There is another interesting use case here though - if I encrypt something with my private key, anyone with my public key can read it and know that it came from me; the process of decrypting it proves that it was encrypted with my private key and, as I'm the only person that has that key, I must have encrypted it.

Encrypting data with a private key is the equivalent of signing a document; it proves that it came from me. We can use this in our blockchain as part of the declaration process. Whenever I wish to 'sign' a block in the chain, I take the block's hash add a copy of it, encrypted with my private key, to the block's signatures section. Recipients of the block can prove that I declared support for this chain by decrypting the value with my public key, and comparing it to the stored hash for the block. If they match they know that I authenticated the block. 

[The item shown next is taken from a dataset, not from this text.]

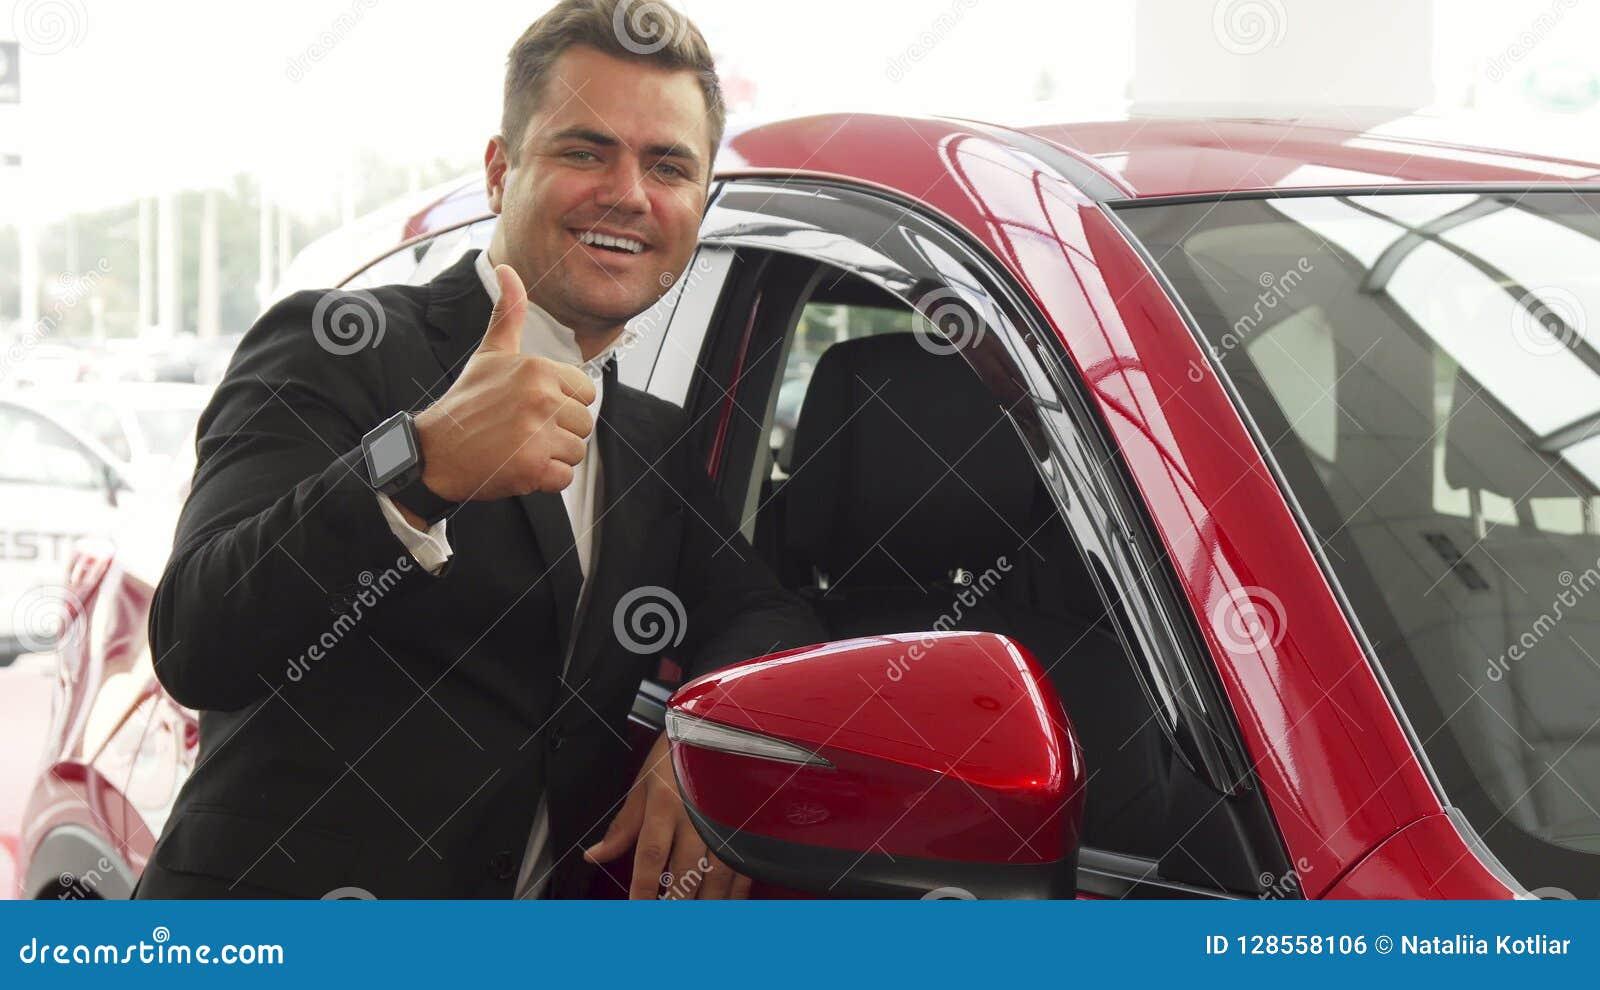 Gladlynta punkter för en representant till den utmärkta kvaliteten av bilen

These encrypted hashes also provide a way to resolve the deadlock between different chains with equal levels of support discussed above. We can create an arbitrary mechanism to order the encrypted hashes (for example a simple lexicographical ordering of their base-64 encoding) - because our hash function has uniform distribution then for any arbitrary pair of encrypted hashes they both have an equal probability of being ranked above the other.

So now we have introduced the three key concepts which underpin blockchain technology - the chain, consensus, and cryptography. In Part Two, we will look at the anatomy of a distributed ledger and how it can be adapted to meet the requirements for financial services use cases.